The Swine Flu and NAFTA

A food system that kills

Swine flu is meat industry's latest plague

GRAIN, April 2009

Mexico is in the midst of a hellish repeat of Asia's bird flu experience, though on a more deadly scale. Once again, the official response from public authorities has come too late and bungled in cover-ups. And once again, the global meat industry is at the centre of the story, ramping up denials as the weight of evidence about its role grows. Just five years after the start of the H5N1 bird flu crisis, and after as many years of a global strategy against influenza pandemics coordinated by the World Health Organisation (WHO) and the World Organisation for Animal Health (OIE), the world is now reeling from a swine flu disaster. The global strategy has failed and needs to be replaced with a public health system that the public can trust.
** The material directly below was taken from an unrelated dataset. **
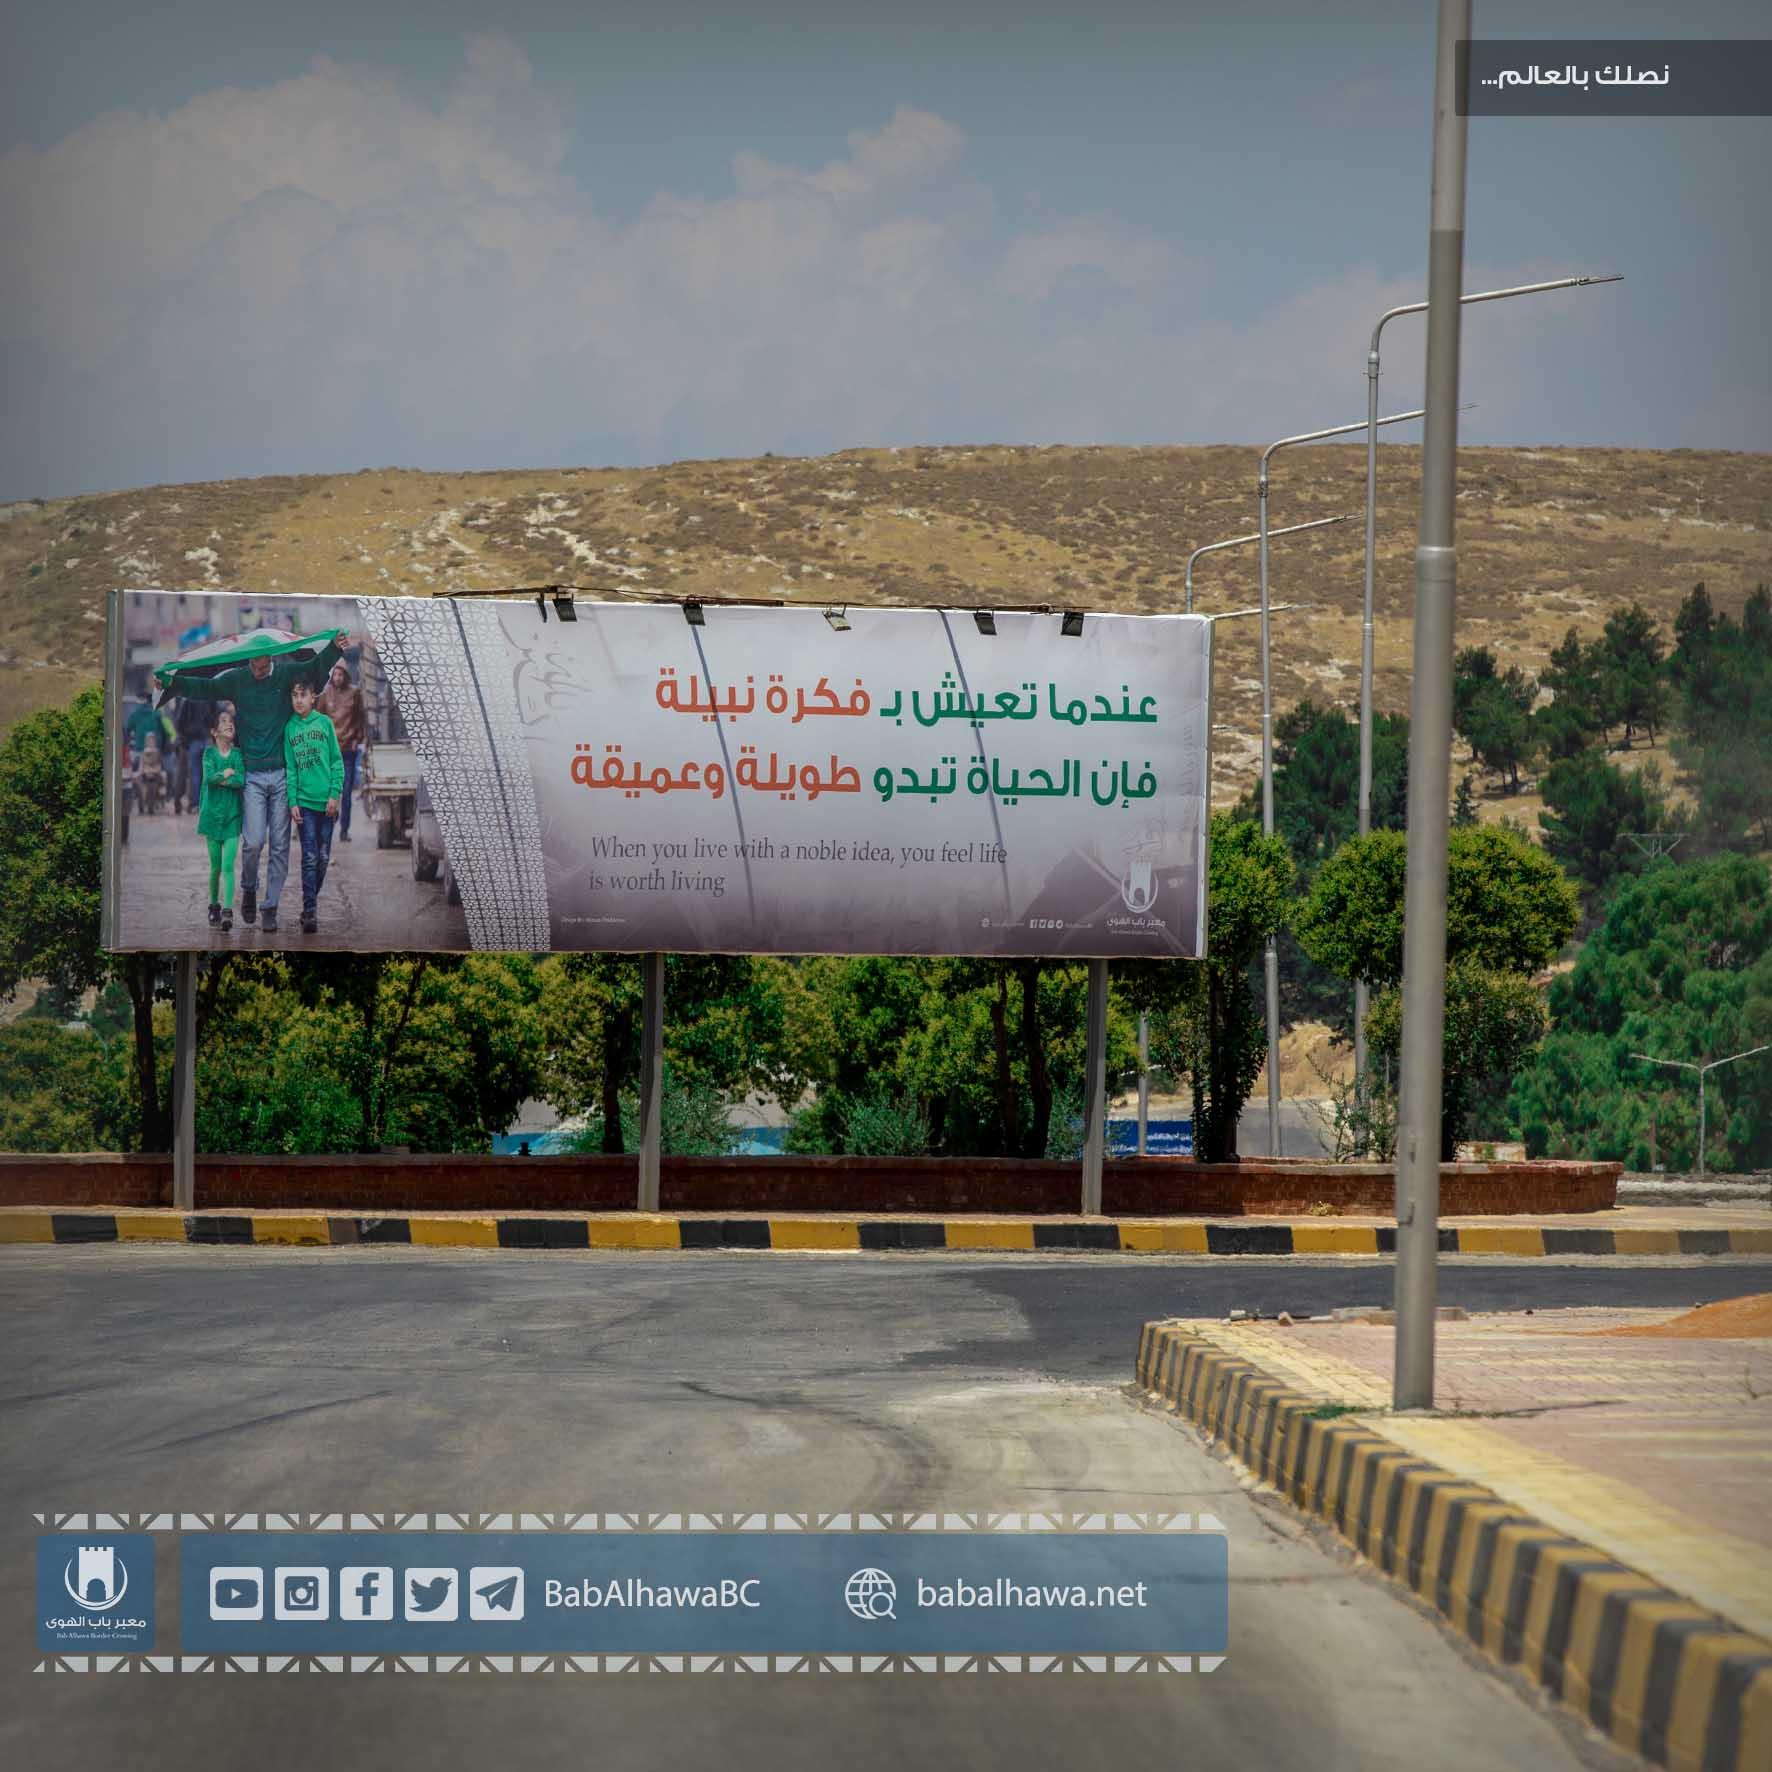 عندما تعيش بفكرة نبيلة فإن الحياة تبدو طويلة وعميقة - باب الهوى سوريا

Read the full version at: http://www.grain.org/articles/?id=48


How “The NAFTA Flu” Exploded
Smithfield Farms Fled US Environmental Laws to Open a Gigantic Pig Farm in Mexico, and All We Got Was this Lousy Swine Flu


By Al Giordano
Special to The Narco News Bulletin

April 29, 2009

US and Mexico authorities claim that neither knew about the “swine flu” outbreak until April 24. But after hundreds of residents of a town in Veracruz, Mexico, came down with its symptoms, the story had already hit the Mexican national press by April 5. The daily La Jornada reported:

Clouds of flies emanate from the rusty lagoons where the Carroll Ranches business tosses the fecal wastes of its pig farms, and the open-air contamination is already generating an epidemic of respiratory infections in the town of La Gloria, in the Perote Valley, according to Town Administrator Bertha Crisóstomo López.

http://www.narconews.com/images/smithfldlogo.gif

The town has 3,000 inhabitants, hundreds of whom reported severe flu symptoms in March.
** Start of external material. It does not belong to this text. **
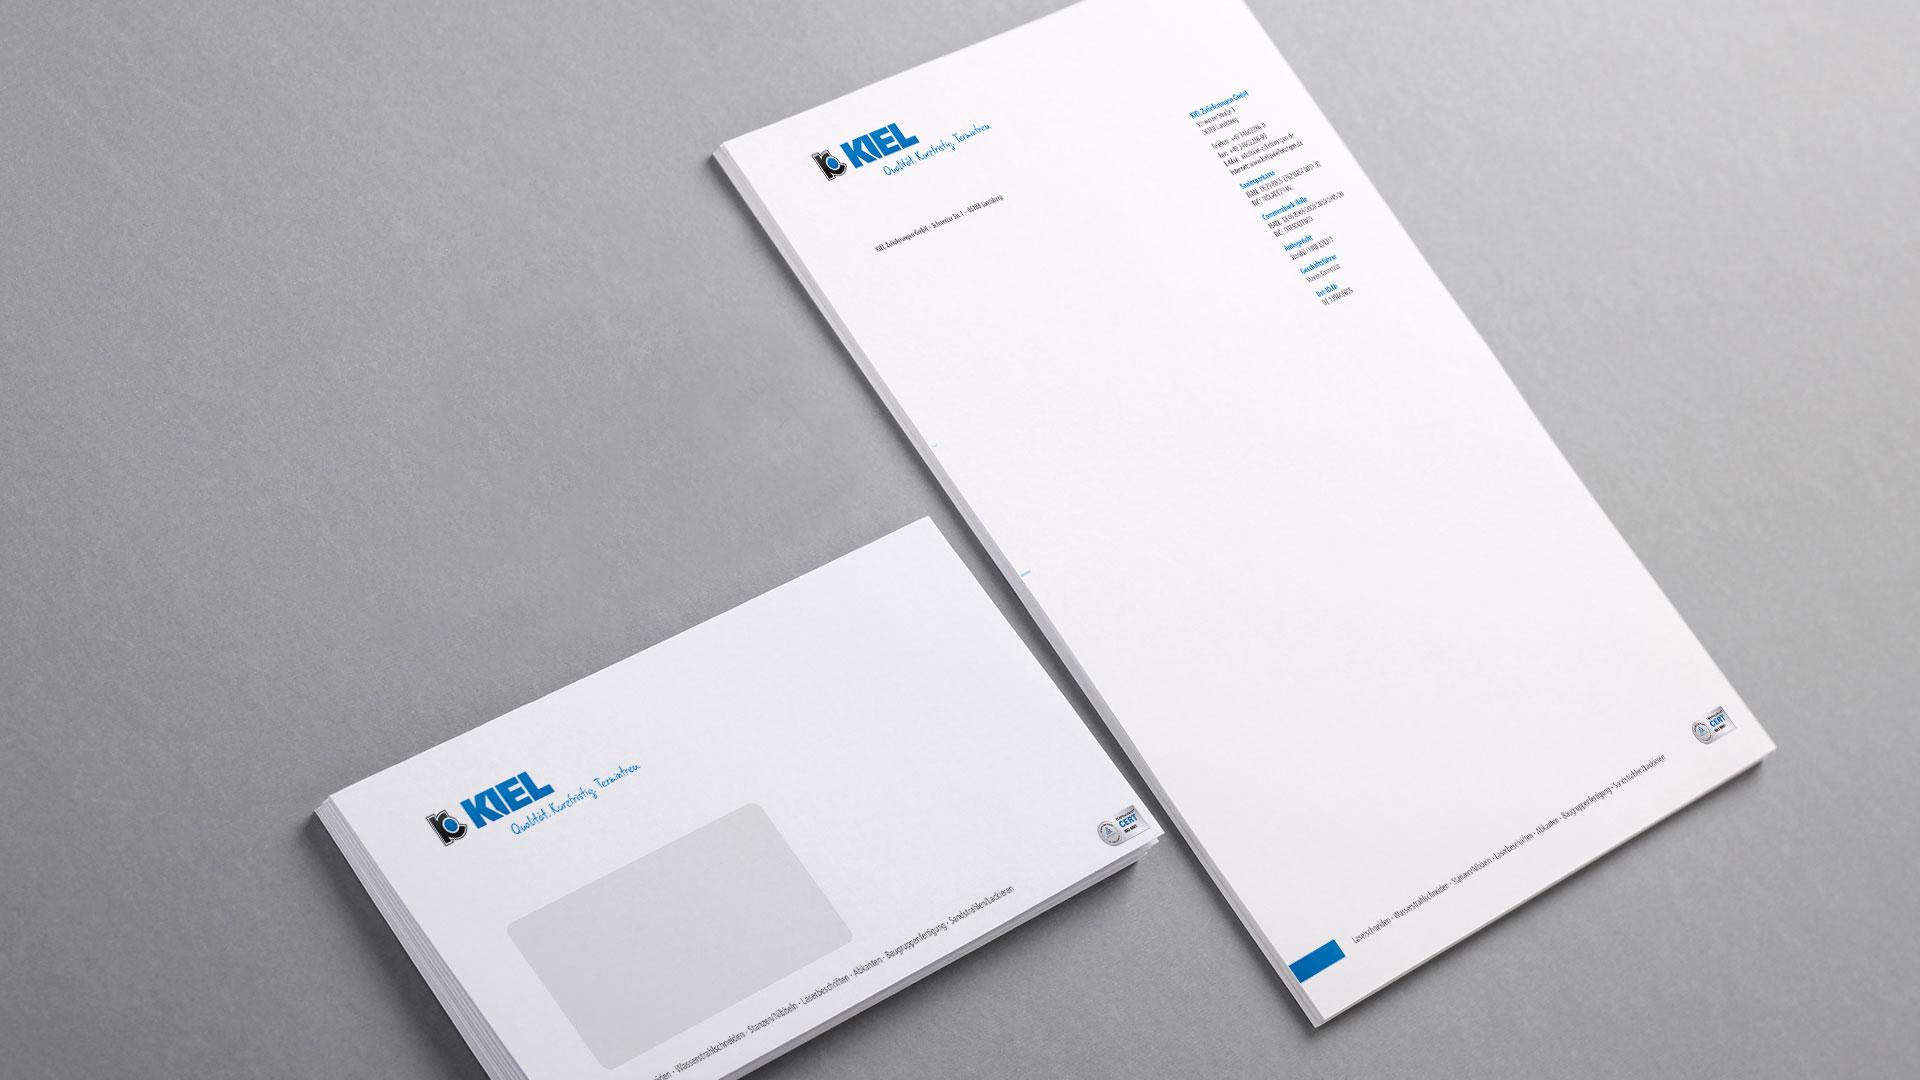 KIEL Zulieferungen GmbH

CNN’s Dr. Sanjay Gupta, reporting from Mexico, has identified a La Gloria child who contracted the first case of identified “swine flu” in February as “patient zero,” five-year-old Edgar Hernández, now a survivor of the disease.
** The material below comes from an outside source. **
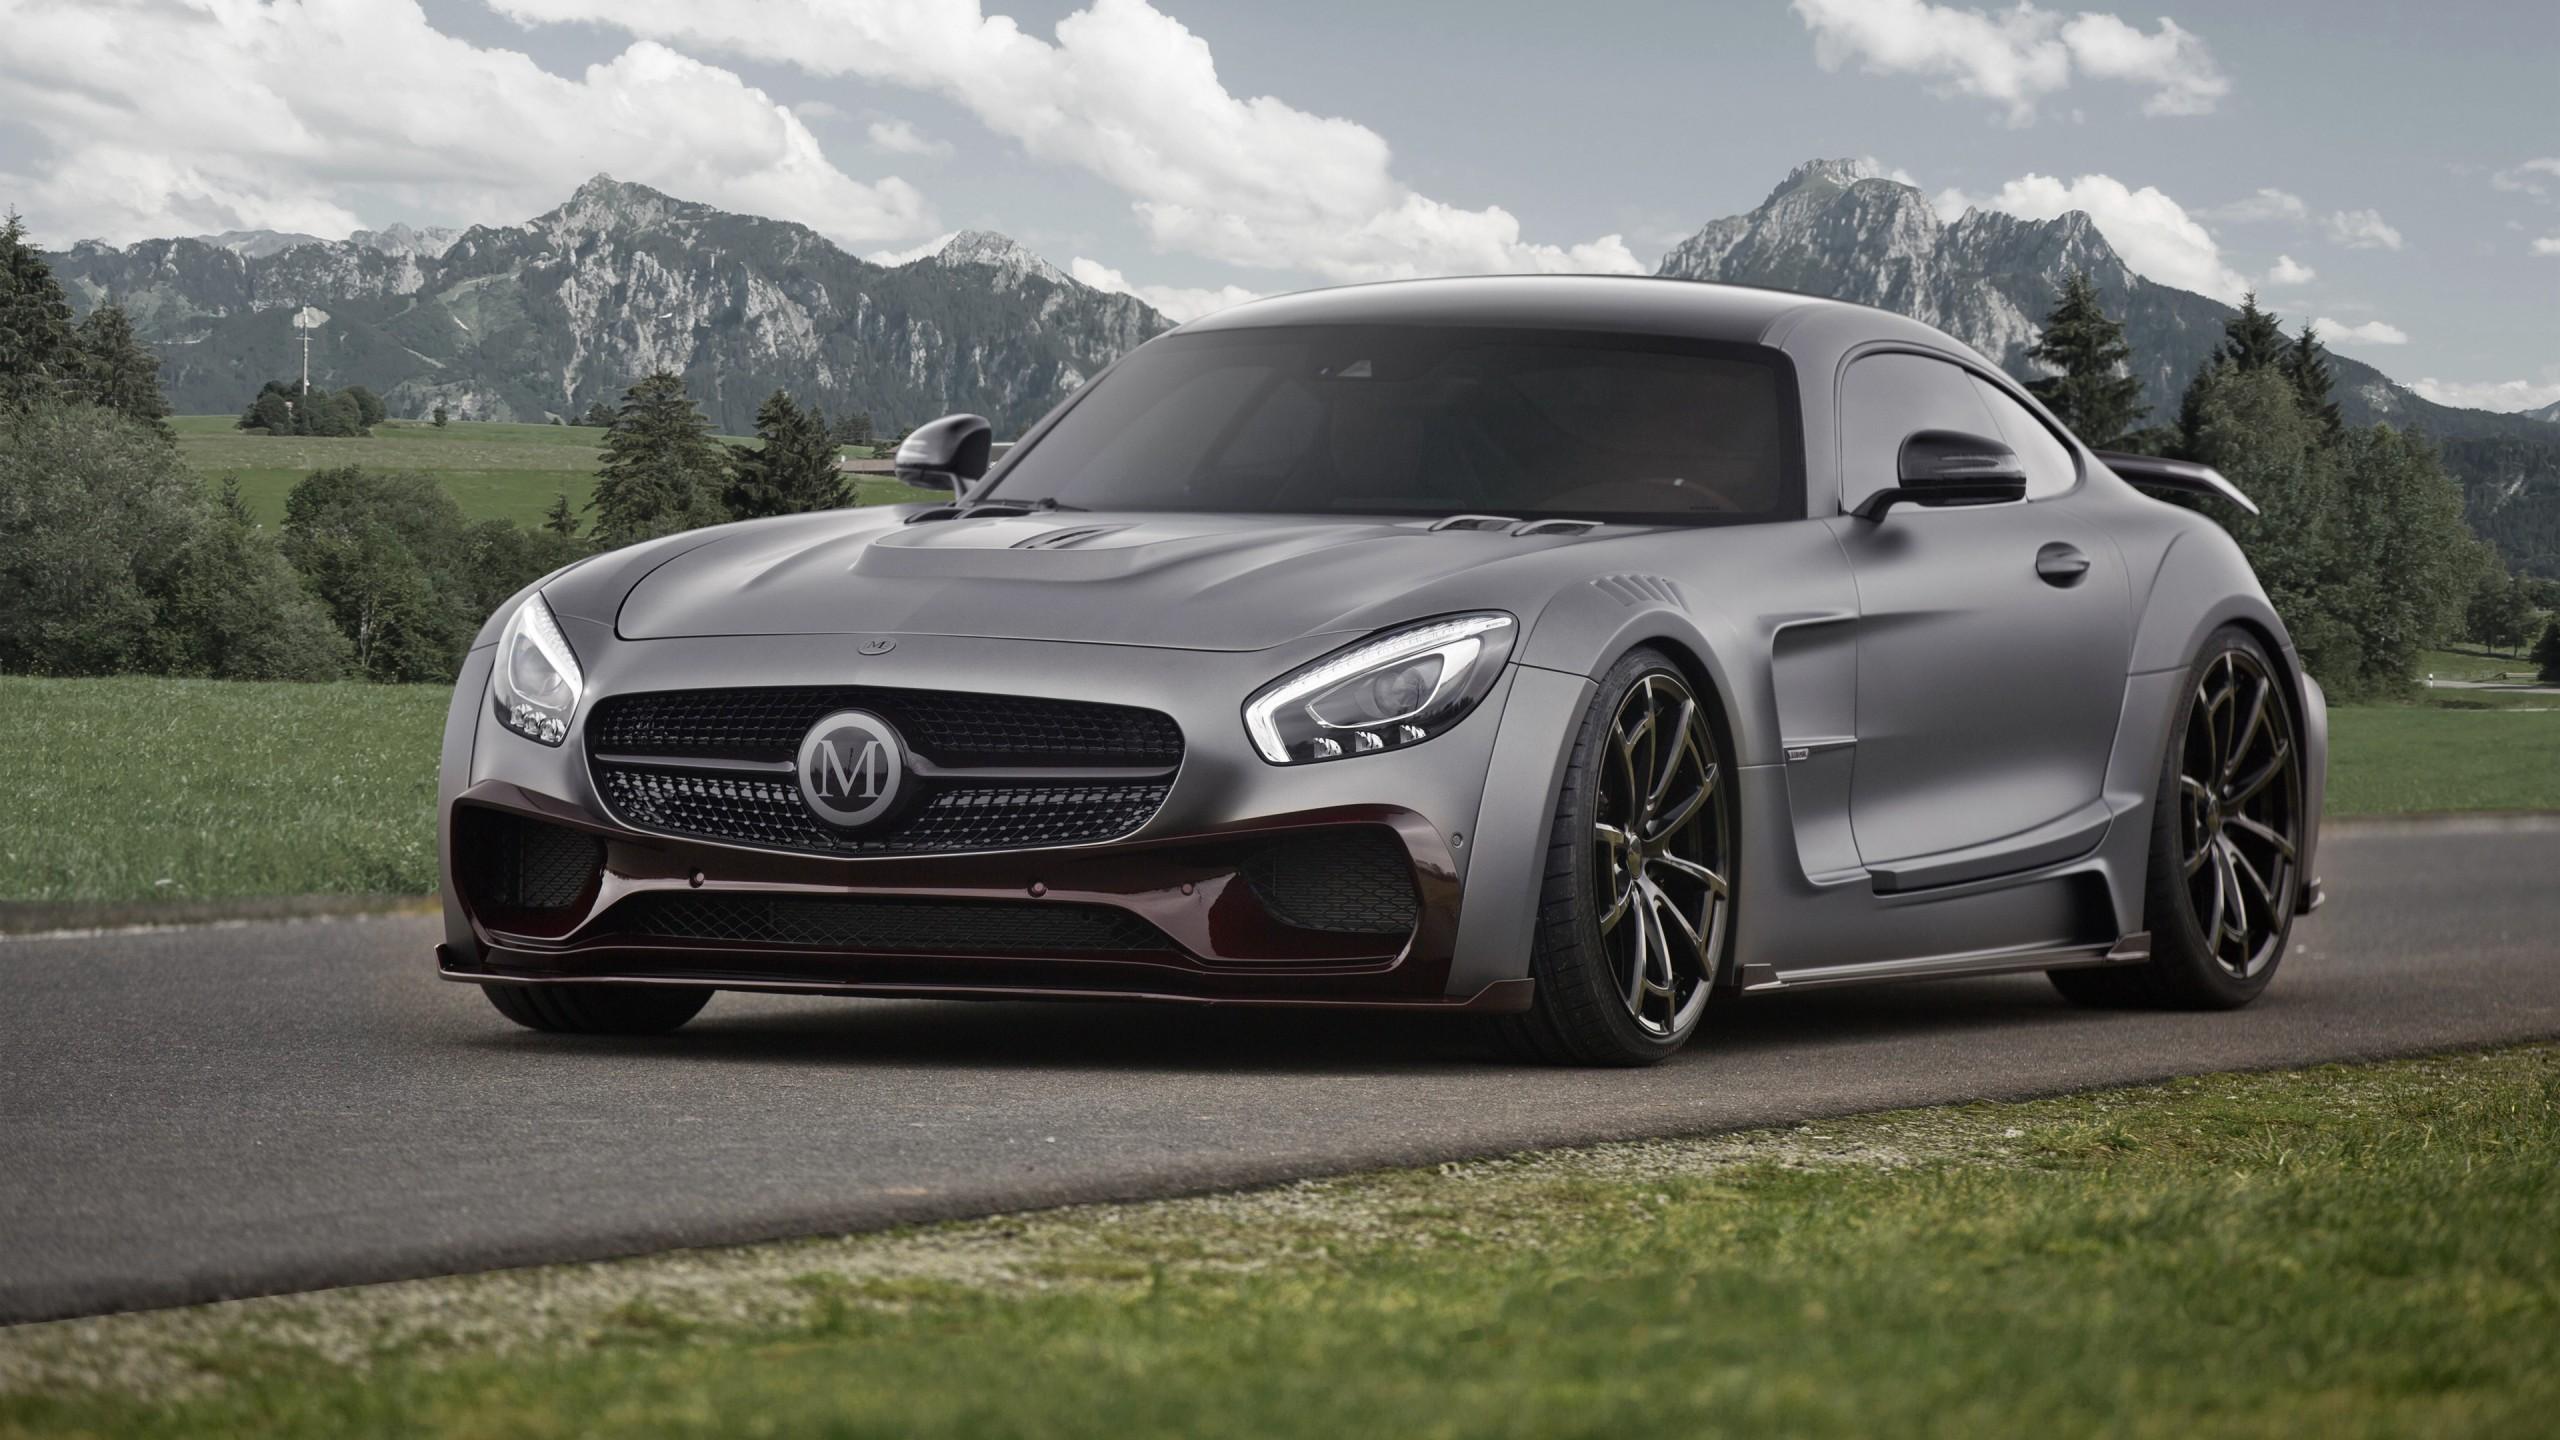 35+ Mercedes Benz Amg Gtr Wallpaper Hd Pics

By April 15 – nine days before Mexican federal authorities of the regime of President Felipe Calderon acknowledged any problem at all – the local daily newspaper, Marcha, reported that a company called Carroll Ranches was “the cause of the epidemic.”

La Jornada columnist Julio Hernández López connects the corporate dots to explain how the Virginia-based Smithfield Farms came to Mexico: In 1985, Smithfield Farms received what was, at the time, the most expensive fine in history – $12.6 million – for violating the US Clean Water Act at its pig facilities near the Pagan River in Smithfield, Virginia, a tributary that flows into the Chesapeake Bay. The company, according to the US Environmental Protection Agency (EPA) dumped hog waste into the river.

It was a case in which US environmental law succeeded in forcing a polluter, Smithfield Farms, to construct a sewage treatment plant at that facility after decades of using the river as a mega-toilet. But “free trade” opened a path for Smithfield Farms to simply move its harmful practices next door into Mexico so that it could evade the tougher US regulators.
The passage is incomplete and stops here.